Any help would be great!


----------



## agouderia (Feb 27, 2019)

https://www.dimensionsmagazine.com/...-1-4-by-mk3-bhm-bbw-eating-fantasy-mwg.20100/

This story never migrated anywhere - but was originally posted here on the "new" Library Boards back in 2007 - only to be moved to the according Library Archive after it no longer was "Recent". 

If you remember the title of a story - or the writer's name - the easiest thing to do is enter it into the "search" line at the top right of this page, right underneath your account information after log-in.


----------



## kingcrow (Mar 3, 2019)

agouderia said:


> https://www.dimensionsmagazine.com/...-1-4-by-mk3-bhm-bbw-eating-fantasy-mwg.20100/
> 
> This story never migrated anywhere - but was originally posted here on the "new" Library Boards back in 2007 - only to be moved to the according Library Archive after it no longer was "Recent".
> 
> If you remember the title of a story - or the writer's name - the easiest thing to do is enter it into the "search" line at the top right of this page, right underneath your account information after log-in.



I tried that but it didn’t work for me.
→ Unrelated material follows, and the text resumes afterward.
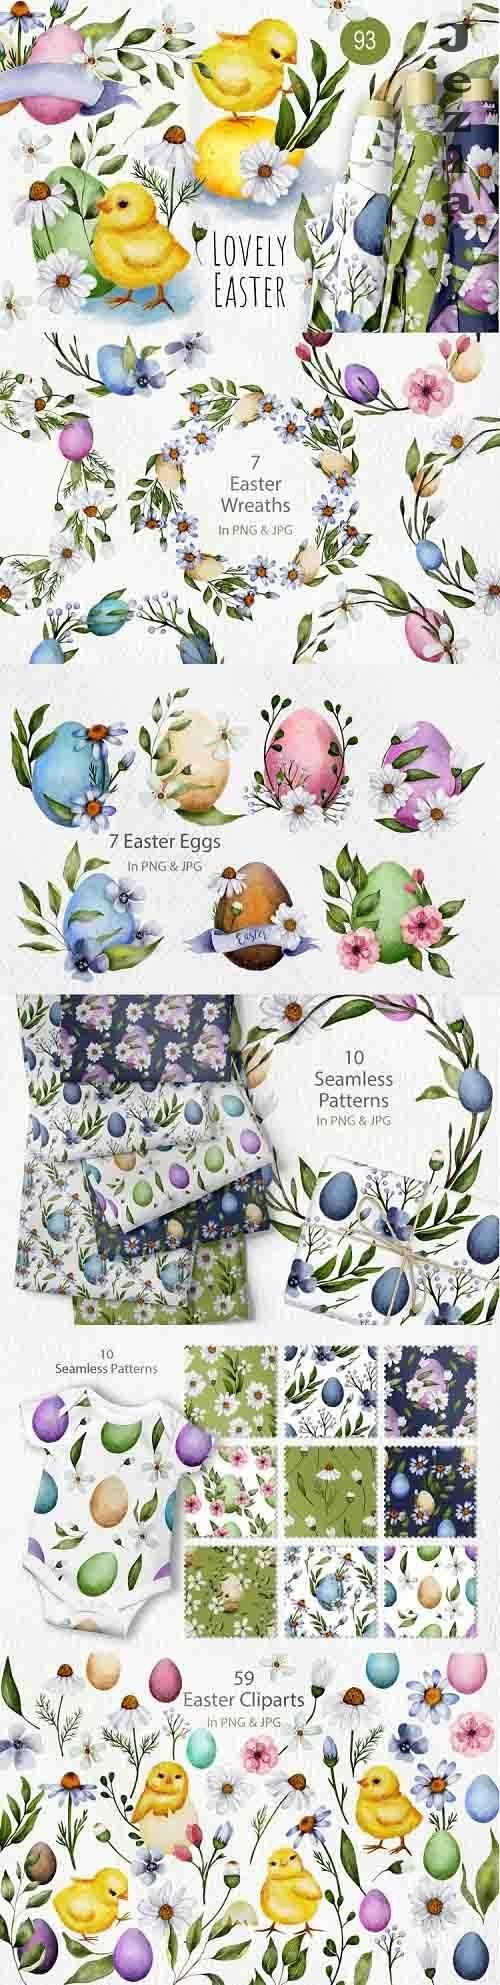 Easter Watercolor Chicken Bundle - 1237683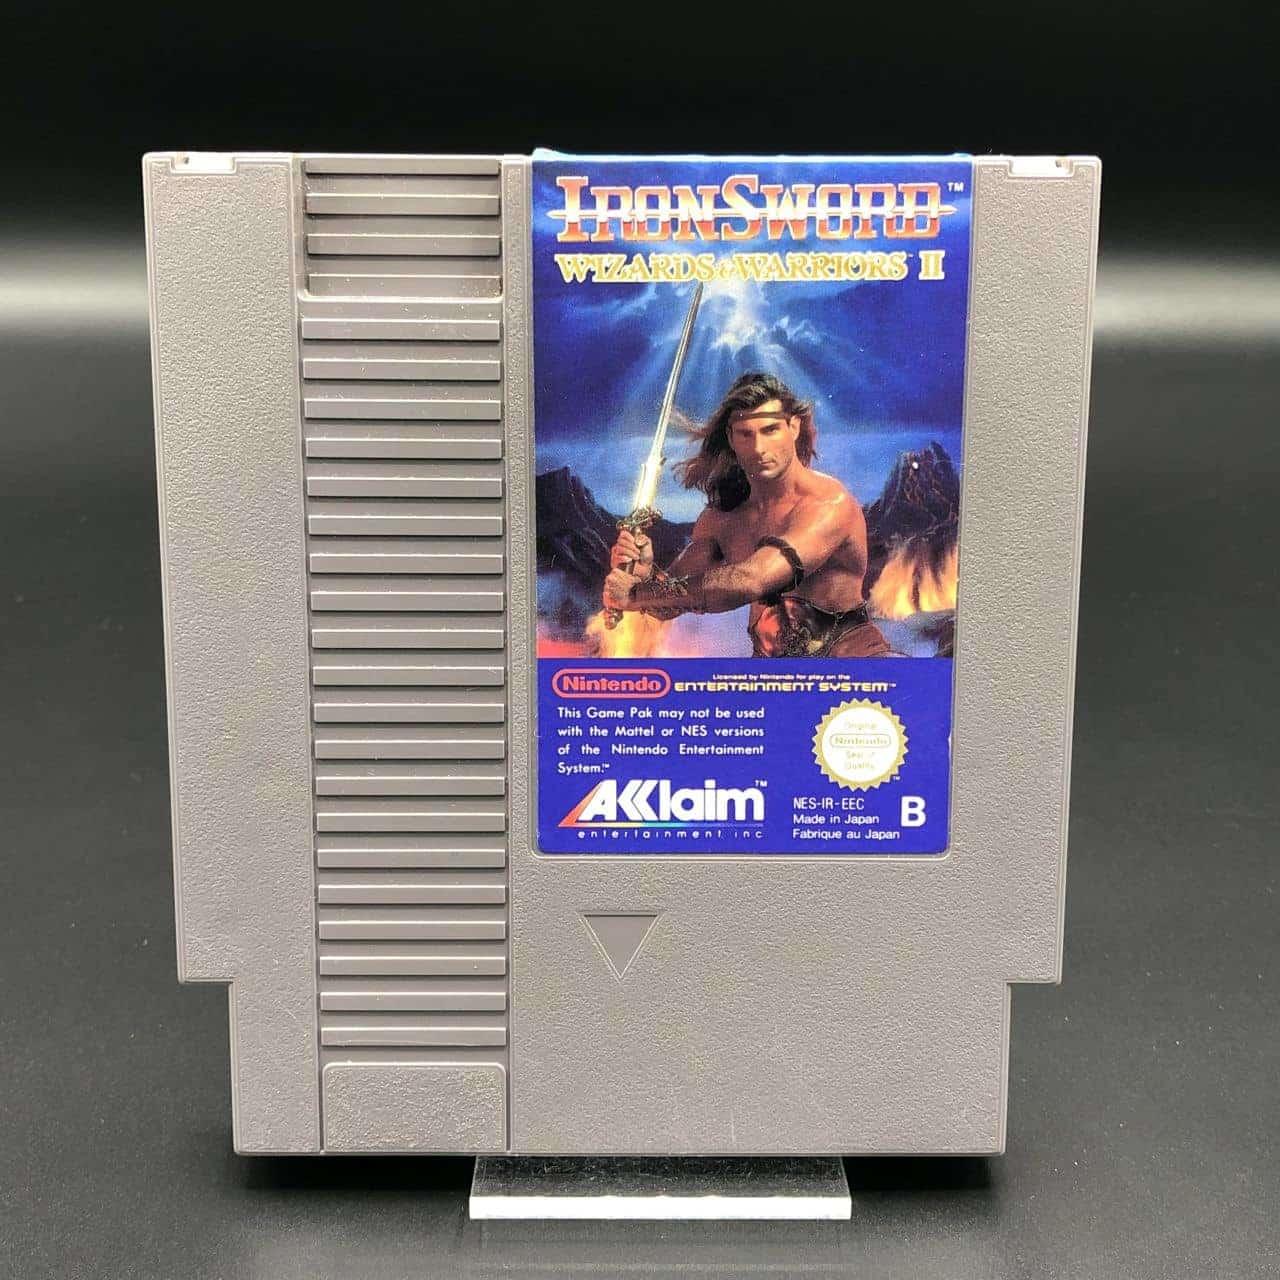 NES Ironsword: Wizards & Warriors II (Modul) (Gut) Nintendo Entertainment System #2

Thank you though for sharing the link though


----------



## agouderia (Mar 4, 2019)

This is strange. I'm an extremely non-technical person and could find the story easily with the mentioned search function - in a first go it instantly popped up on my desktop computer. Now I tried again via phone - same thing; it immediately showed.

So I checked some more - and the only potential problem I could identify was that if you are viewing a certain board - not the main page - and then type into the "search" function, there is a pre-checked box "search this forum only". Then of course, if you are not on the right Library archive forum and do not disable the check - then "no results" will show.

In case anybody else here knows more about which problem we could be dealing with regarding the story search function, I'd be grateful for more information. 
Also - now in the course of the current board changes, I'll see that we revise, update and maybe simplify the "story search" sticky on this forum.


----------



## kingcrow (Mar 4, 2019)

Yeah I tried it again and sure enough it came up. Weird
Maybe you can help me with finding another story from WAY long ago. It was called "Step-Siblings" I believe. It used to be in the forums and then it disappeared and I haven't seen it in years, but maybe it's saved somewhere else? Any help would be great.


----------